SOURCE DATA:
═══

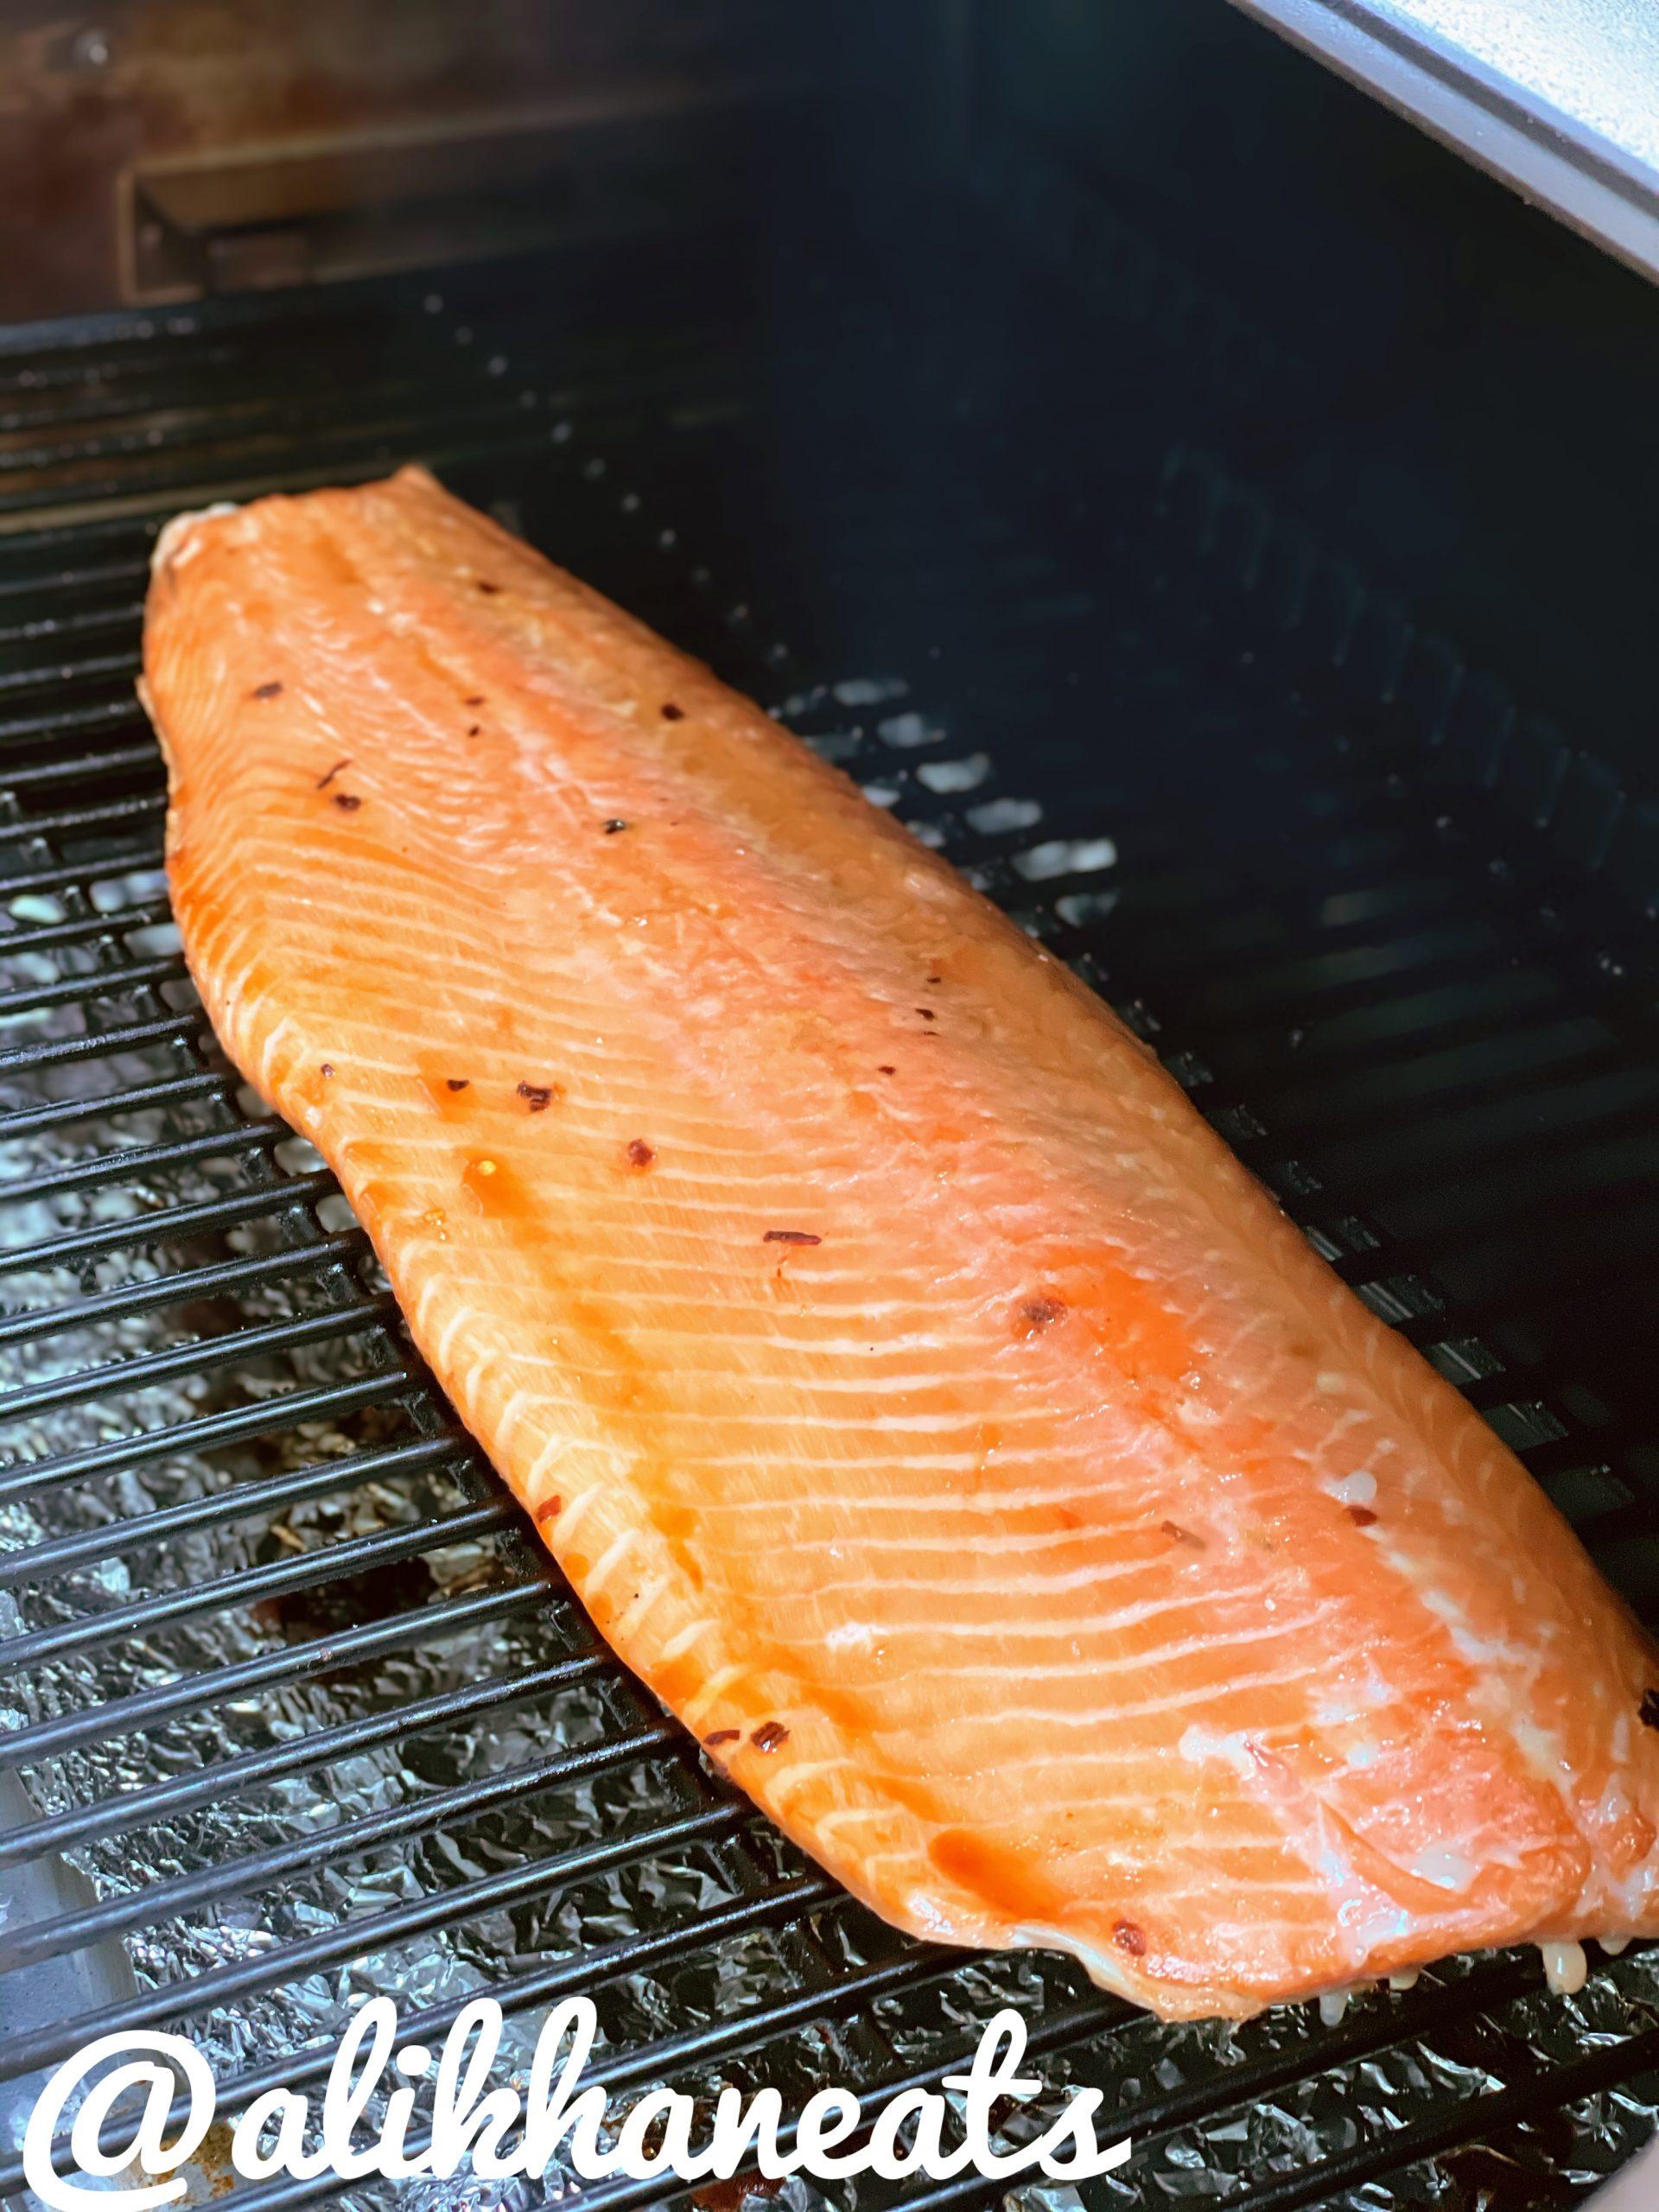 Traeger Smoked Salmon smoking stage 1
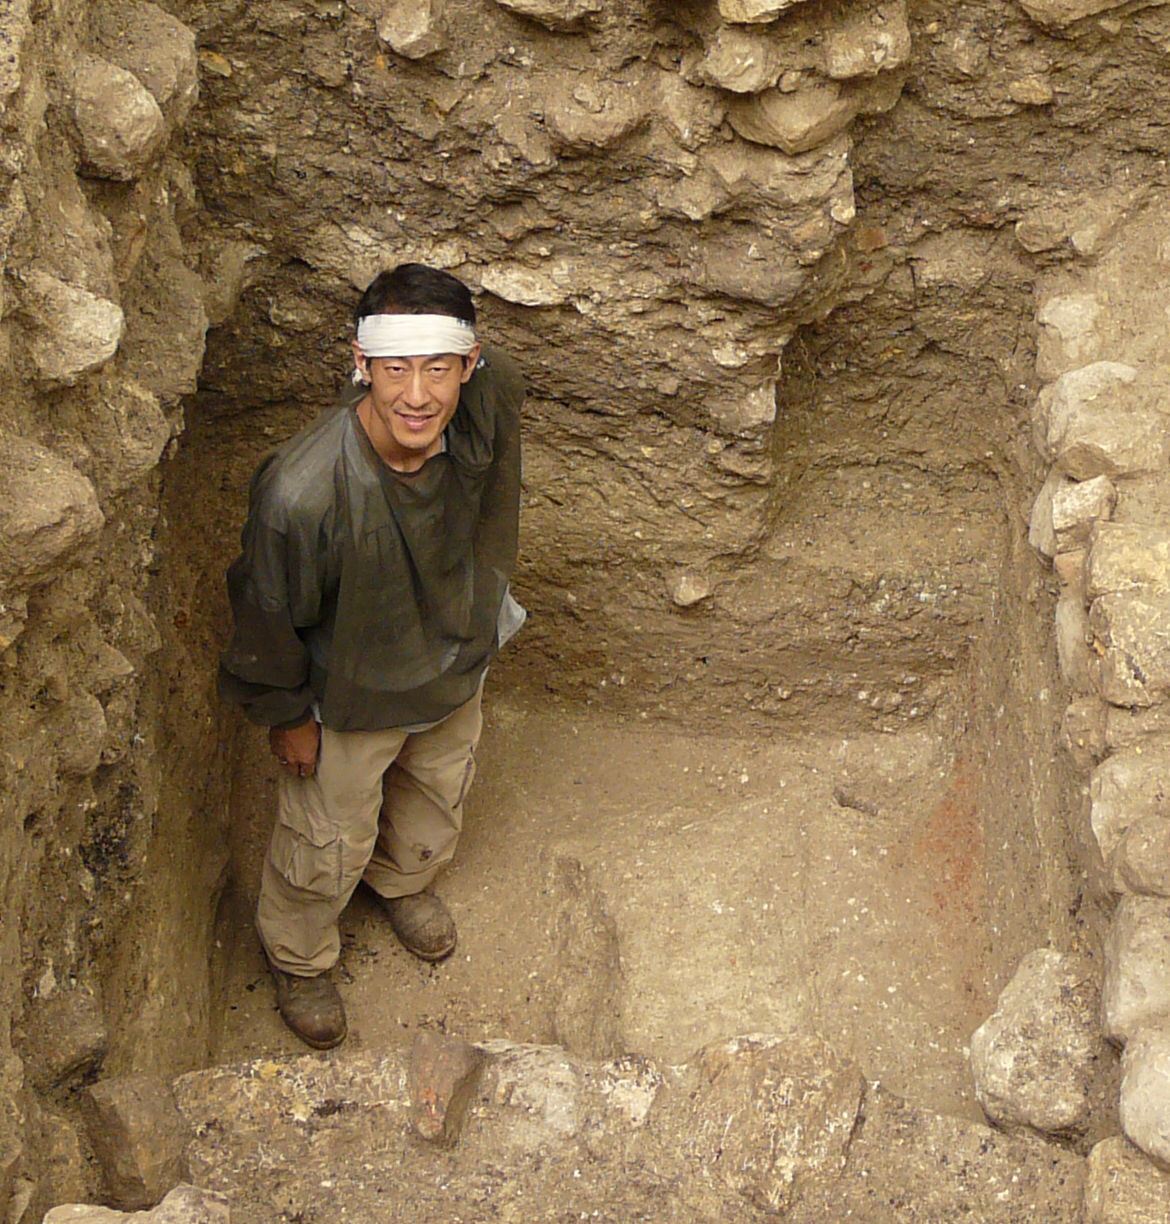 Using LiDAR to map Mayan ruins
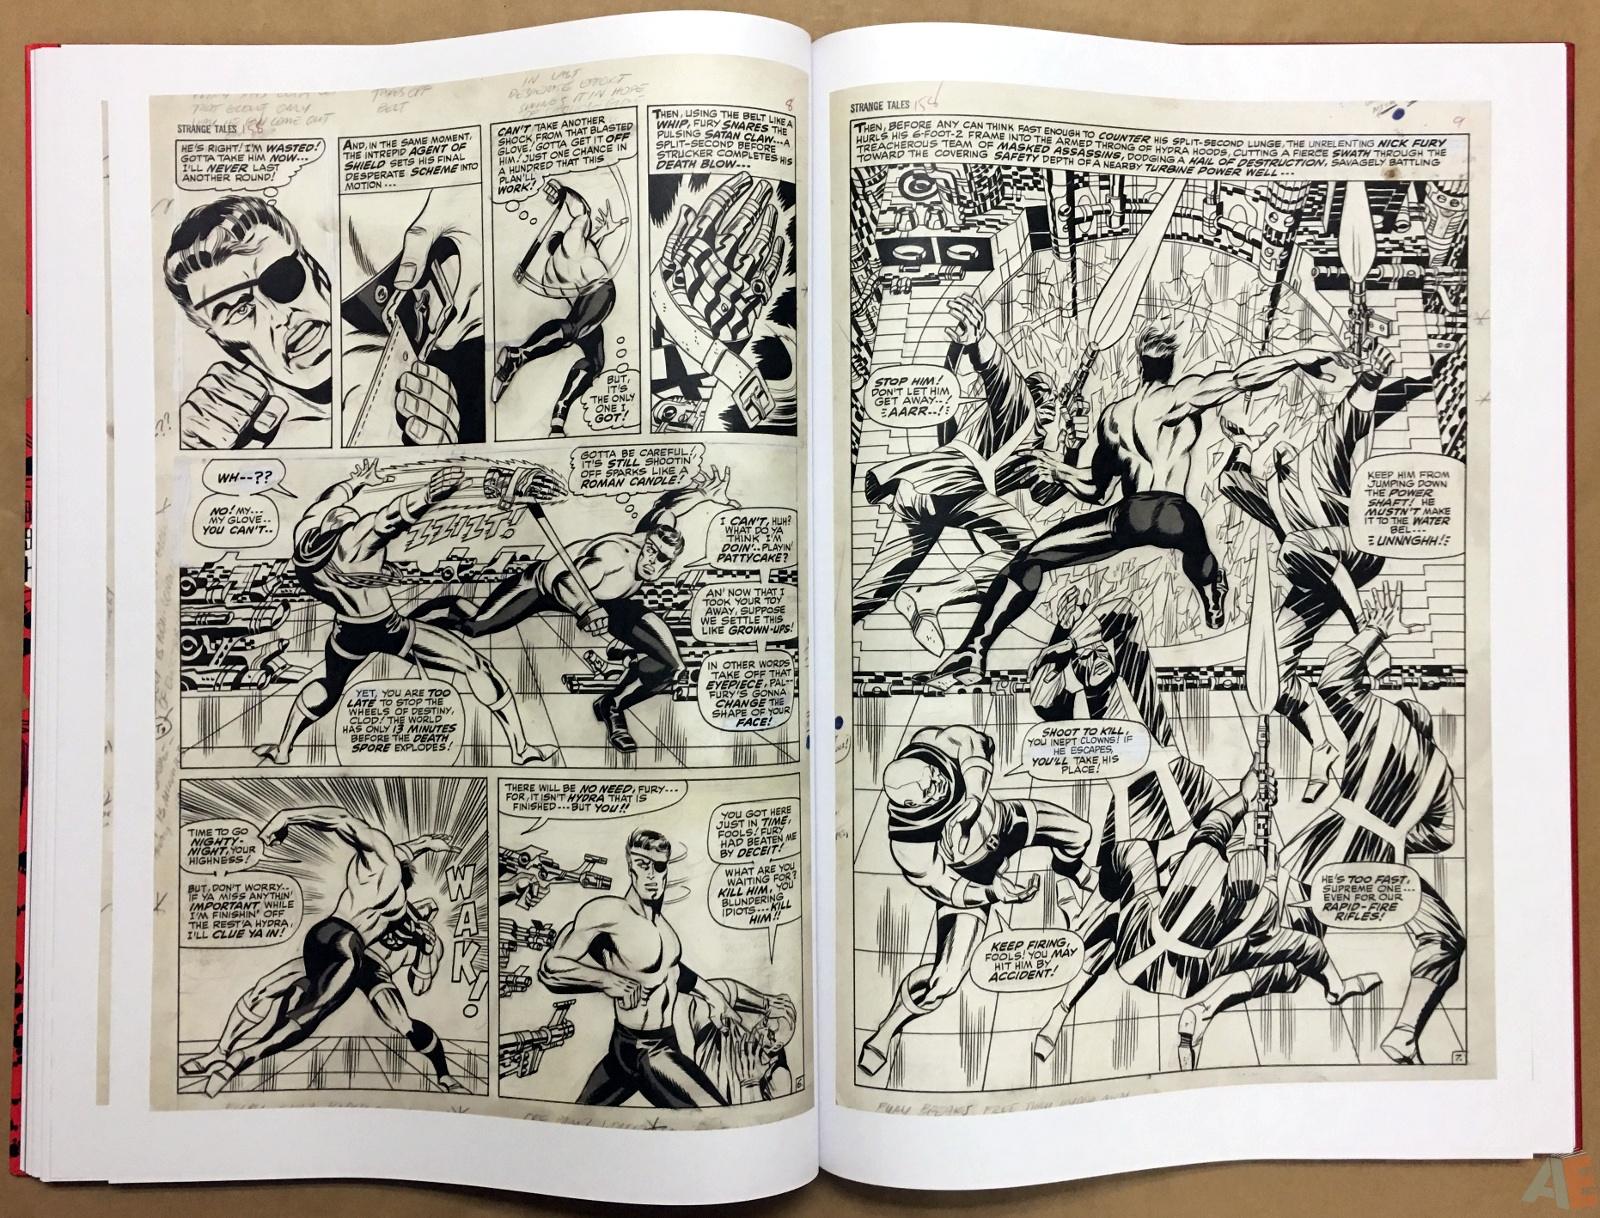 Steranko Nick Fury Agent of S.H.I.E.L.D. Artist's Edition 40
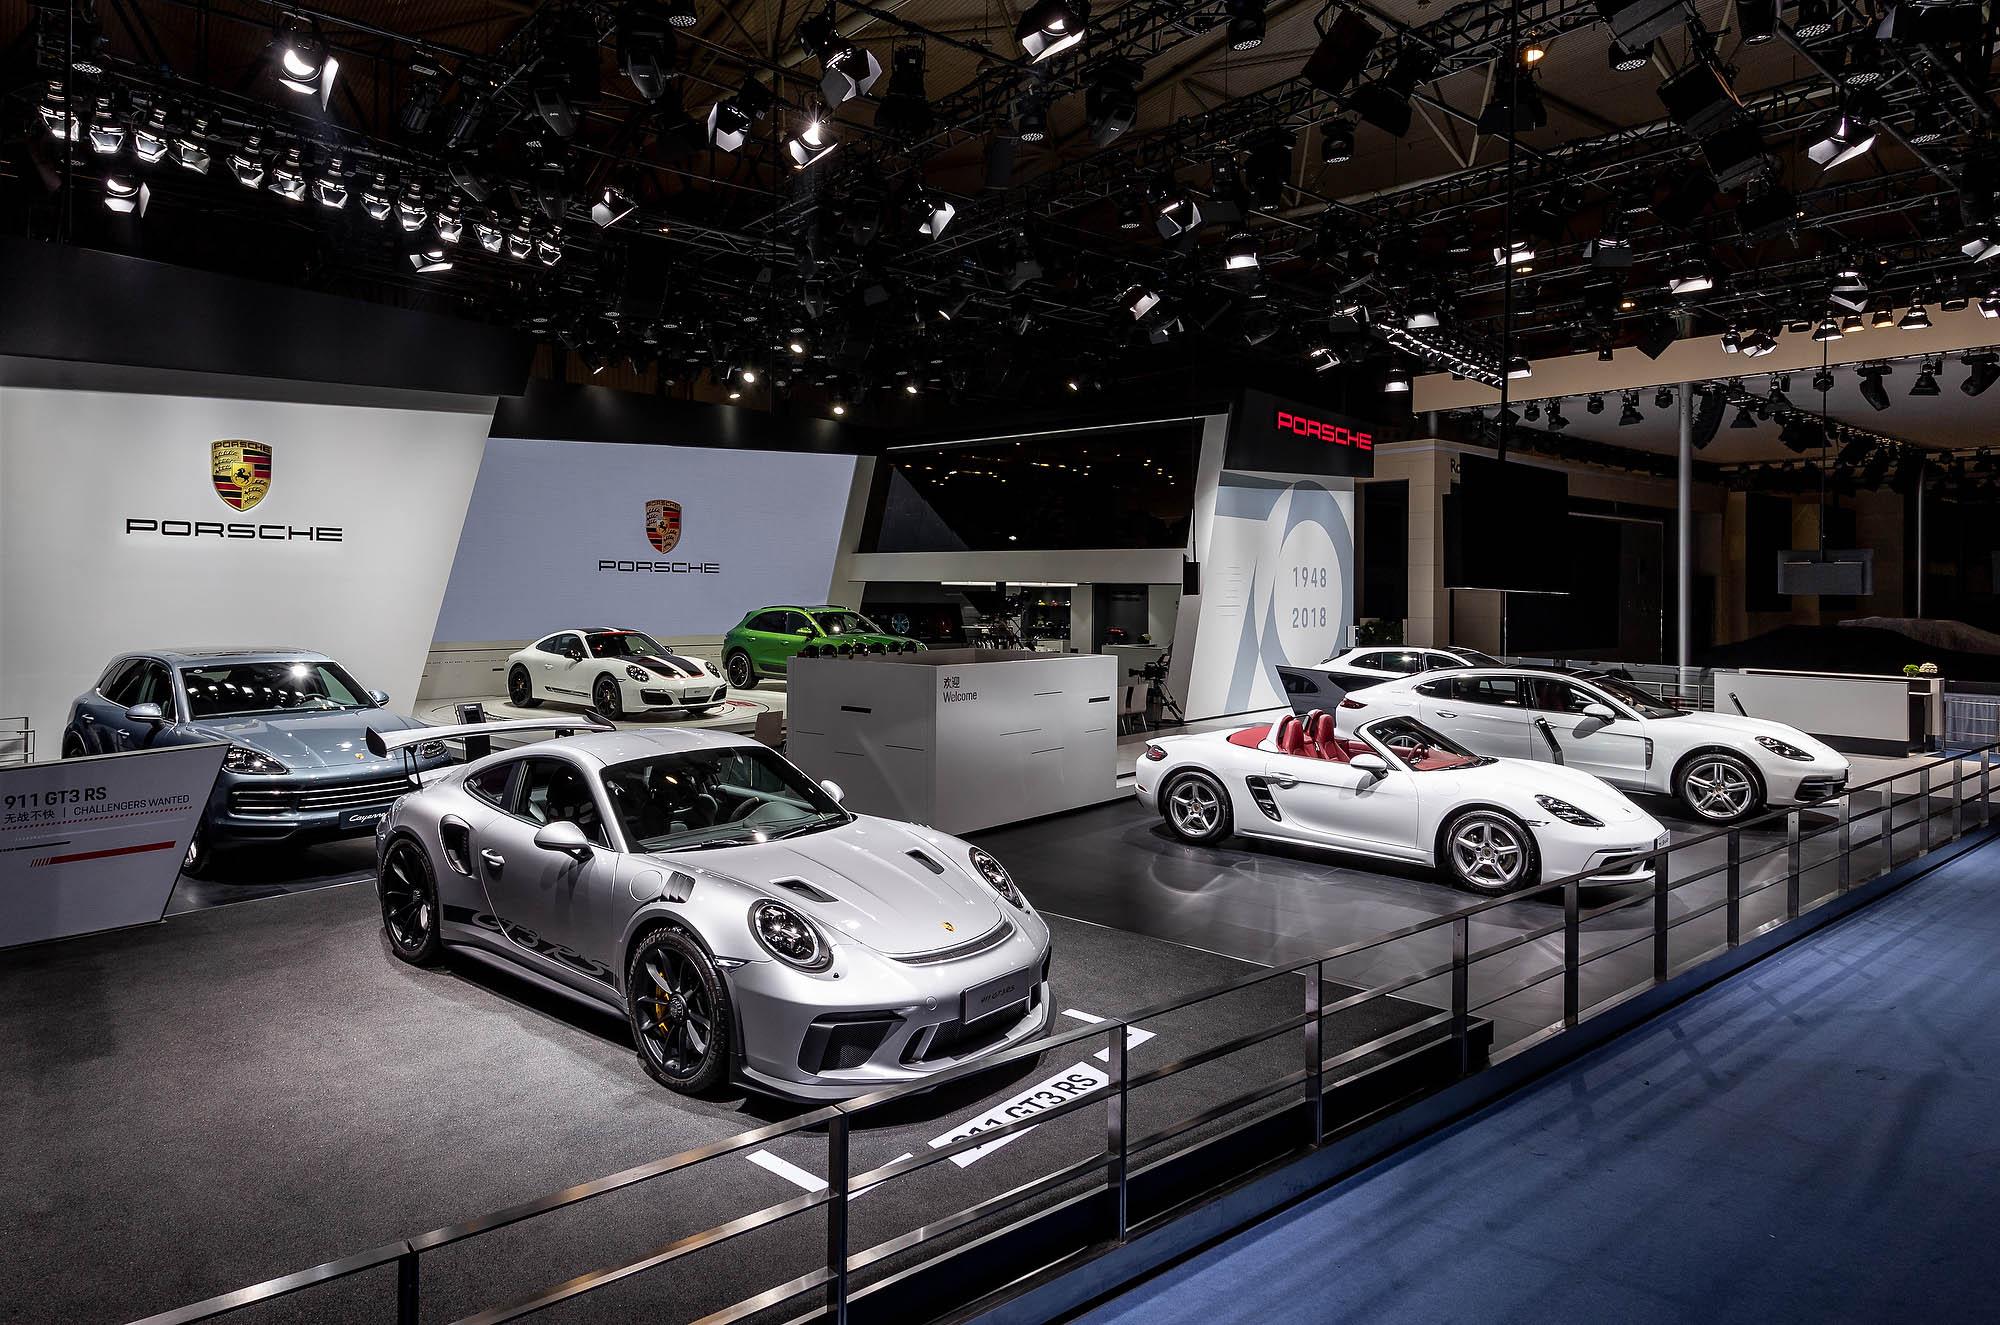 限定版911中国首发,保时捷携全系车型亮相成都车展

═══

BRIEF:
Output all of the data exactly. Skip the pictures.

SOLVED PROBLEM:
 Traeger Smoked Salmon smoking stage 1
 Using LiDAR to map Mayan ruins
 Steranko Nick Fury Agent of S.H.I.E.L.D. Artist's Edition 40
 限定版911中国首发,保时捷携全系车型亮相成都车展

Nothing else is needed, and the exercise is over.